The multiple regression equation fitted with certain biotic and abiotic factors to predict the incidence and abundance of E. furcellata was (Y); Y = − 2.940– 0.03841 (H. talaca population) + 0.0125 Temp. (Max.) + 0.05998 Temp. (Min) + 0.04173 Relative humidity – 0.0003758 Rain fall [R2 = 63.77%; P value is <0.0001; Multiple R = 0.7986; F = 14.436].
Biology of E. furcellata on H. talaca
The average number of eggs laid by a single female was 276.6 ± 15.8 when E. furcellata was reared by providing the larvae of H. talaca (Table 5). Newly laid eggs were whitish golden in colour, which turned into creamy to light brownish later. The mean incubation period was recorded as 7.0 ± 1.0 days. The total nymphal development was completed in a period of 21.8 ± 0.7 days. Longevity of adult female was 30.8 ± 1.9 days and male was 27.6 ± 1.1 days fed on looper. The pre- oviposition period and oviposition period were lasted for 6.2 ± 1.3 and 18.4 ± 2.3 days. Sex ratio of the predator was recorded as 1:0.9 (F: M).

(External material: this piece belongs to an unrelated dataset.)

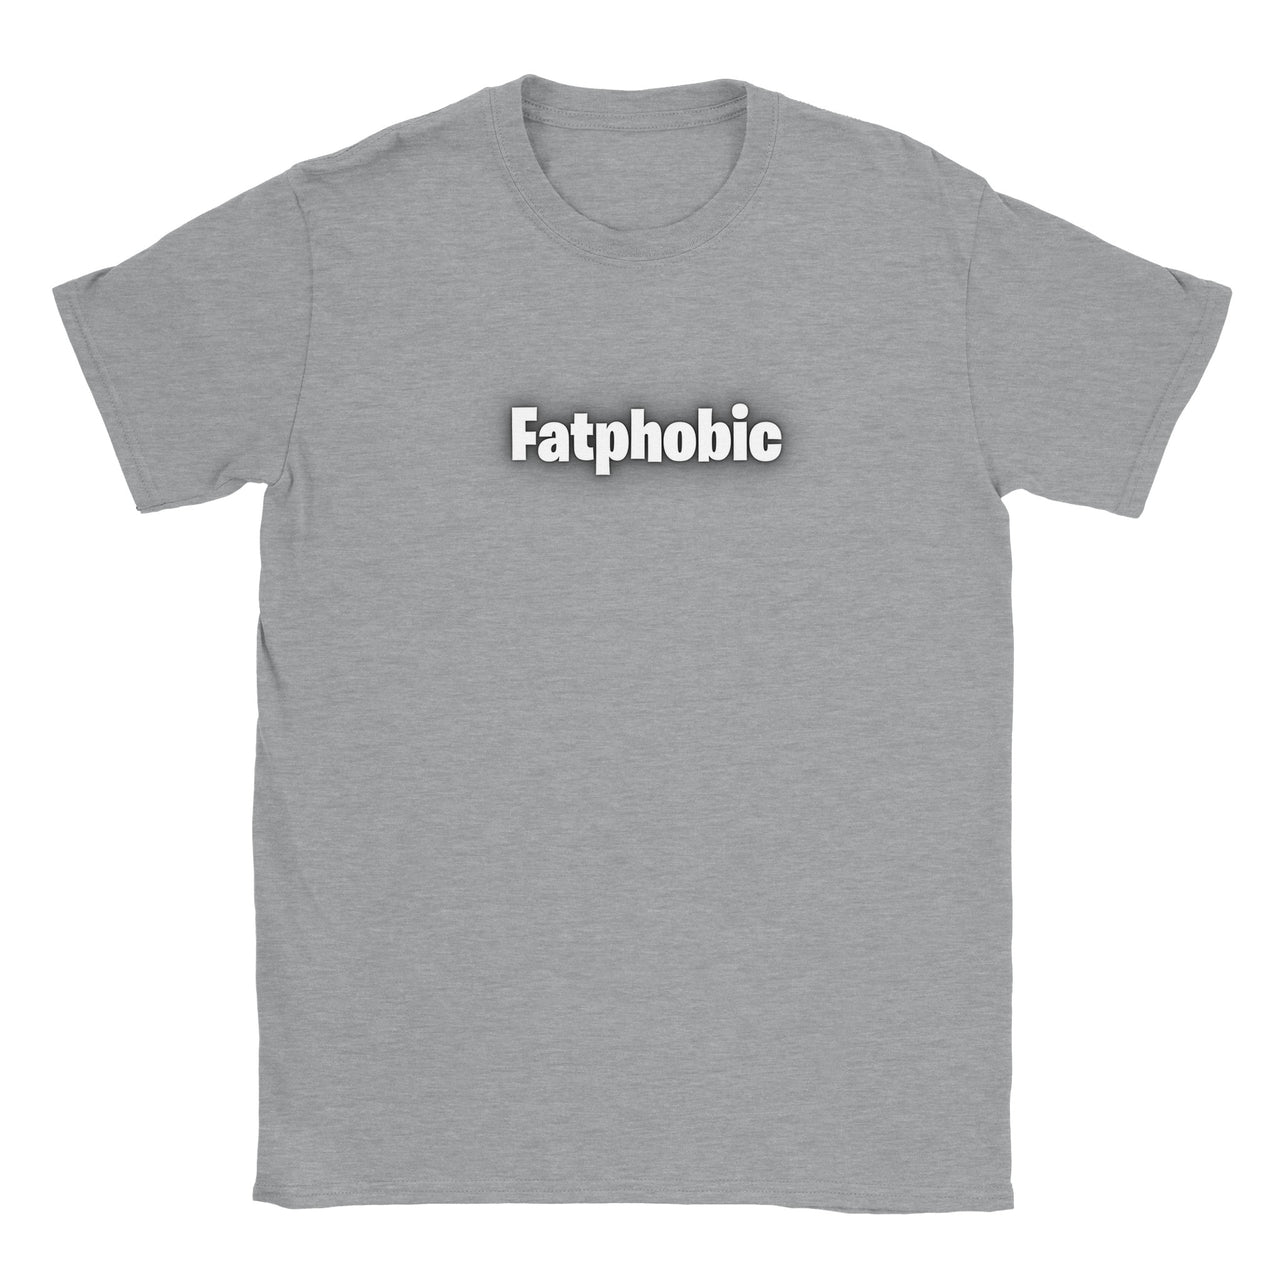 Fatphobic T-shirt

Life table of E. furcellata reared on H. talaca
From a single egg clutch an average of 95.35% nymphs hatched out. Among these, 95.15% were become adult (Table 5). The age-specific survival rate (lx), age-specific fecundity (mx) and the age-specific maternity (lxmx) of the predatory bug are described in the Fig. 2. The intrinsic rate of natural increase (rm) of E. furcellata was recorded as 0.149 ± 0.0 day−1 and the net reproductive rate (Ro) was 218.14 ± 2.1 female offspring per adult female, produced during their life span expected as 276.6 ± 15.8 eggs/female. The gross reproductive rate (∑mx) was also recorded as 244.69 ± 2.9 eggs/female while the finite rate of increase (λ)was 1.161 ± 0.01 females per female per day (Table 6). The mean generation time (Tc) was 35.49 ± 2.0 day−1 and Doubling time (Dt) was 4.63 ± 0.6 days.
Predatory efficiency of E. furcellata on different stages of H. talaca
In the experiment under no-choice condition of feeding, first instar nymph of E. furcellata predated 1.8 ± 0.4 s instar larvae of H. talaca per day. Other instars like II, III, IV and V consumed 3.2 ± 0.4, 4.6 ± 1.1, 5.8 ± 1.3 and 6.0 ± 1.4 (F = 43.47, df = 6, p = 0.001) second instar larvae of H. talaca (Table 7). The adult female preyed a mean of 10.2 ± 0.8 larvae per day, which was recorded as the highest number of predation among all the life stages. First and second instar nymph preferred second instar larva of H. talaca more than the other developing stages of the prey. Instead, the adult females were observed to preferably fed on fourth and fifth instar larvae of H. talaca compared to the early instars.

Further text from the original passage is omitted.